[Records from a dataset]
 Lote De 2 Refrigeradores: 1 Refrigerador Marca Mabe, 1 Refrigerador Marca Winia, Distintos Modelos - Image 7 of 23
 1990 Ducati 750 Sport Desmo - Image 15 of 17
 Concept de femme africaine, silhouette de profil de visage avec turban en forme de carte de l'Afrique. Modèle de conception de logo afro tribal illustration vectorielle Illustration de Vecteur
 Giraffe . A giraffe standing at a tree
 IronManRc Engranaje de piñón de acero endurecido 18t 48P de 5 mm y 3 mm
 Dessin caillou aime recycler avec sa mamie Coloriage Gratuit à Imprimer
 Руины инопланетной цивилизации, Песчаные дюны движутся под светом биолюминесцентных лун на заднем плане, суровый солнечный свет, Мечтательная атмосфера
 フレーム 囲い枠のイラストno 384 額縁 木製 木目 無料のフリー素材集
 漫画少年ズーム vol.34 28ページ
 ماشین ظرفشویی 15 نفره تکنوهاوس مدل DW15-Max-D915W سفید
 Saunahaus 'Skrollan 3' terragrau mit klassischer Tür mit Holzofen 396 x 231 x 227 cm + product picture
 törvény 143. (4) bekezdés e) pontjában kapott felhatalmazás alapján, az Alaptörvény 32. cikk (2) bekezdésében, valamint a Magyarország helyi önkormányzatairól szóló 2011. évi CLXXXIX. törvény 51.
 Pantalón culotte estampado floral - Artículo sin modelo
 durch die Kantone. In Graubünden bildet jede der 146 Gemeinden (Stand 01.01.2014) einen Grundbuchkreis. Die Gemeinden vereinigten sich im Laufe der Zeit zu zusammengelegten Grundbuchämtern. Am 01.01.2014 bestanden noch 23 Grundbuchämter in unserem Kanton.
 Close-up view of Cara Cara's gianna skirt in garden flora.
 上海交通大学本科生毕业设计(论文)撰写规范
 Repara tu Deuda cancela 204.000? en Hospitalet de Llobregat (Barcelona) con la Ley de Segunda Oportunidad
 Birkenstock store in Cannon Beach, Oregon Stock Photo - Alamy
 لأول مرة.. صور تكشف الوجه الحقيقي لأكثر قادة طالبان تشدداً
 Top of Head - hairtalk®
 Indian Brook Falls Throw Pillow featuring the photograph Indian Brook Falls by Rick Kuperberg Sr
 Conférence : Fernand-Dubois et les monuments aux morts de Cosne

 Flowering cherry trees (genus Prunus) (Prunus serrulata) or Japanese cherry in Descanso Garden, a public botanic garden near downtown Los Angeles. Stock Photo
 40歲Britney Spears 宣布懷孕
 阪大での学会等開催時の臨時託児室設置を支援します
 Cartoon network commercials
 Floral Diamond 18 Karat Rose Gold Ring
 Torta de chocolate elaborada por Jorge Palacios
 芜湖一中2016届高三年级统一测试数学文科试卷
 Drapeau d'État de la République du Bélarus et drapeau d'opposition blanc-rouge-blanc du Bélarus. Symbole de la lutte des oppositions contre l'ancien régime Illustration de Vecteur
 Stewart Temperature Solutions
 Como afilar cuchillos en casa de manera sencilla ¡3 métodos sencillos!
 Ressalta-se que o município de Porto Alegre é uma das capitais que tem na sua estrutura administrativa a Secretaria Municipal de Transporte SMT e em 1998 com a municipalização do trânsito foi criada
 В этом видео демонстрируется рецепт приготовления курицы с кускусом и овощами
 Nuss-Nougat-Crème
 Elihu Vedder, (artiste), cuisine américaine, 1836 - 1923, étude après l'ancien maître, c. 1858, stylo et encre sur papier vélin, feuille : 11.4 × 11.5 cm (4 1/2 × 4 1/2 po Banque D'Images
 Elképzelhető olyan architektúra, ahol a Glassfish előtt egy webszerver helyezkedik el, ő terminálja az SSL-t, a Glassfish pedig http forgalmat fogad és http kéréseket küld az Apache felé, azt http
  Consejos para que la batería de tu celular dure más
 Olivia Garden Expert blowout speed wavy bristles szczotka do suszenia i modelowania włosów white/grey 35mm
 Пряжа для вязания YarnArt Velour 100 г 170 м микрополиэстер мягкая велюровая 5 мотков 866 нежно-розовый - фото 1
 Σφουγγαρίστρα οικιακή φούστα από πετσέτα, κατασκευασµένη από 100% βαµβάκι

*YOUR TASK:*
Up to and including the line with "Saunahaus 'Skrollan 3'", print every line of the records from the start.

*TASK SOLUTION:*
 Lote De 2 Refrigeradores: 1 Refrigerador Marca Mabe, 1 Refrigerador Marca Winia, Distintos Modelos - Image 7 of 23
 1990 Ducati 750 Sport Desmo - Image 15 of 17
 Concept de femme africaine, silhouette de profil de visage avec turban en forme de carte de l'Afrique. Modèle de conception de logo afro tribal illustration vectorielle Illustration de Vecteur
 Giraffe . A giraffe standing at a tree
 IronManRc Engranaje de piñón de acero endurecido 18t 48P de 5 mm y 3 mm
 Dessin caillou aime recycler avec sa mamie Coloriage Gratuit à Imprimer
 Руины инопланетной цивилизации, Песчаные дюны движутся под светом биолюминесцентных лун на заднем плане, суровый солнечный свет, Мечтательная атмосфера
 フレーム 囲い枠のイラストno 384 額縁 木製 木目 無料のフリー素材集
 漫画少年ズーム vol.34 28ページ
 ماشین ظرفشویی 15 نفره تکنوهاوس مدل DW15-Max-D915W سفید
 Saunahaus 'Skrollan 3' terragrau mit klassischer Tür mit Holzofen 396 x 231 x 227 cm + product picture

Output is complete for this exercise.